Jan te Nijenhuis: My Korean colleagues have built a fantastic database with everything that predicts the onset of Alzheimer’s disease: genes, brain scans, blood scans, brain fluids, history of illnesses, and intelligence scores. All the data come from the elderly in Gwangju and its surroundings. There are now more than 10,000 included in the database. Most of them have no signs of cognitive illness; there is a group with mild cognitive impairment, and the smallest group consists of people with varying severity of Alzheimer’s disease. There is a whole team of qualified people collecting the data here in Gwangju. Some of the elderly also participate because they get free medical check-ups. Collecting all the information costs a pretty penny, but the elderly pay nothing.
This unique database is used for collaborations with researchers from all over the world. For instance, some of the DNA samples are now scanned in the USA with the most powerful scanners in the world, so that we will have information on 100 percent of the DNA. But I must say that notwithstanding the billions invested in Alzheimer’s research, it is still a mysterious disease.
William Urbanski: To conclude, what are the biggest positives about living in Gwangju and being a researcher at Chosun University?

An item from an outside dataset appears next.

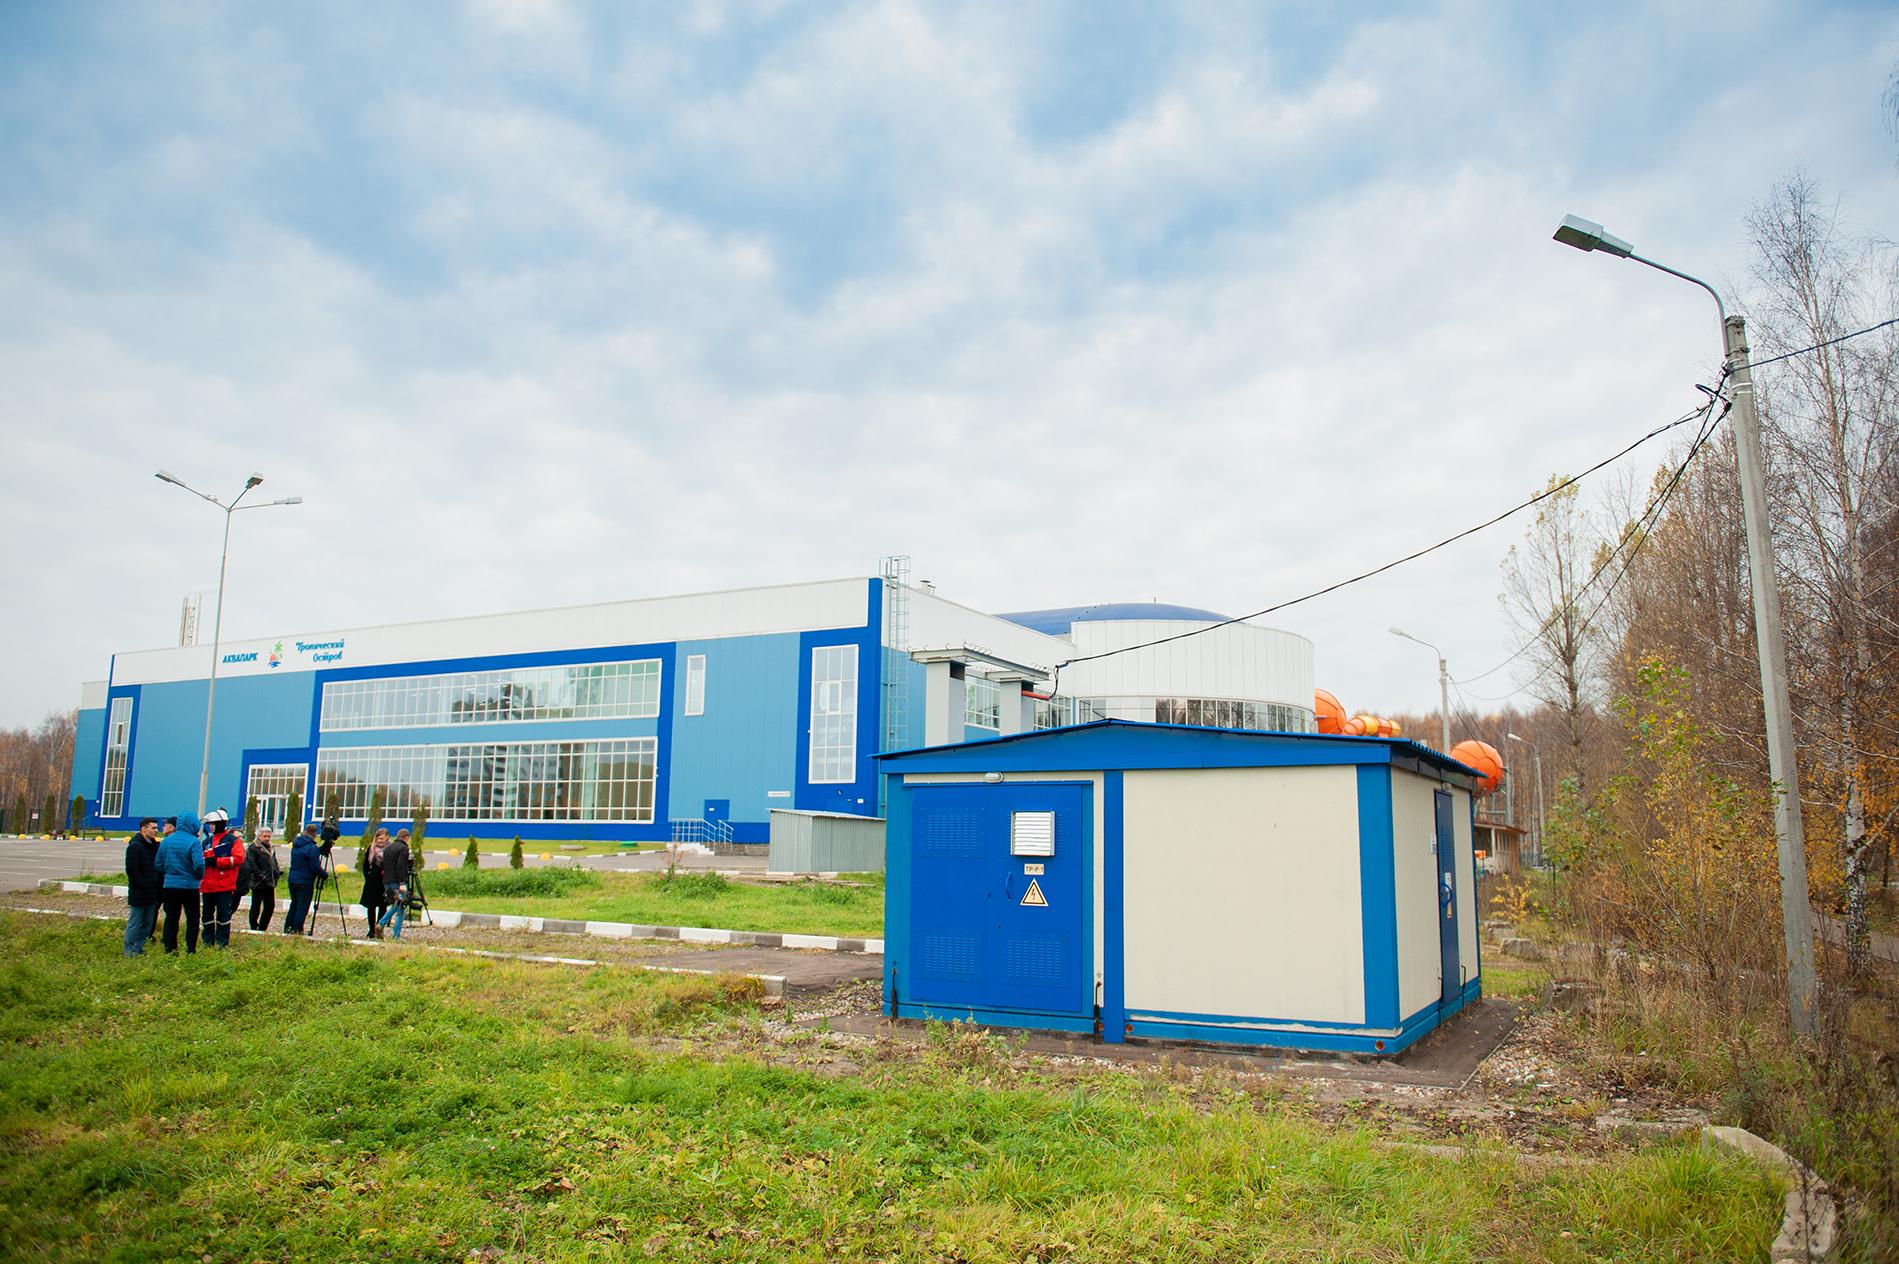 Энергетики «Россети Центр Ярэнерго» за пять лет отремонтировали и построили 482 энергообъекта в городе Ярославле

Jan te Nijenhuis: On the weekends, I take long walks around Mudeung-san; we have no mountains in my country, so this is all new to me. The trips help me to remain relaxed, physically fit, and creative, which is important for a researcher. It happens often to me that when I take a short break, people want to have a chat with me and offer me all kinds of food. The Gwangju people are amazingly friendly.
I very much enjoy Korean food – all the banchan (반찬, side dishes) make every meal feel luxurious. In Korea, I got into the habit of eating fermented food at every meal. Very good for the bacteria in your gut, which help you stave off infections. But I miss goat cheese, herring, sardines in olive oil, and one-liter buckets of ten-percent-fat Greek yogurt!
I think it is good for the Korean research culture to have contacts with researchers from countries with much longer research traditions. I have already set up all kinds of collaborations with Western researchers, analyzing the data in the big Gwangju Alzheimer database. I hope that in the near future, I will not be the only Western researcher on campus!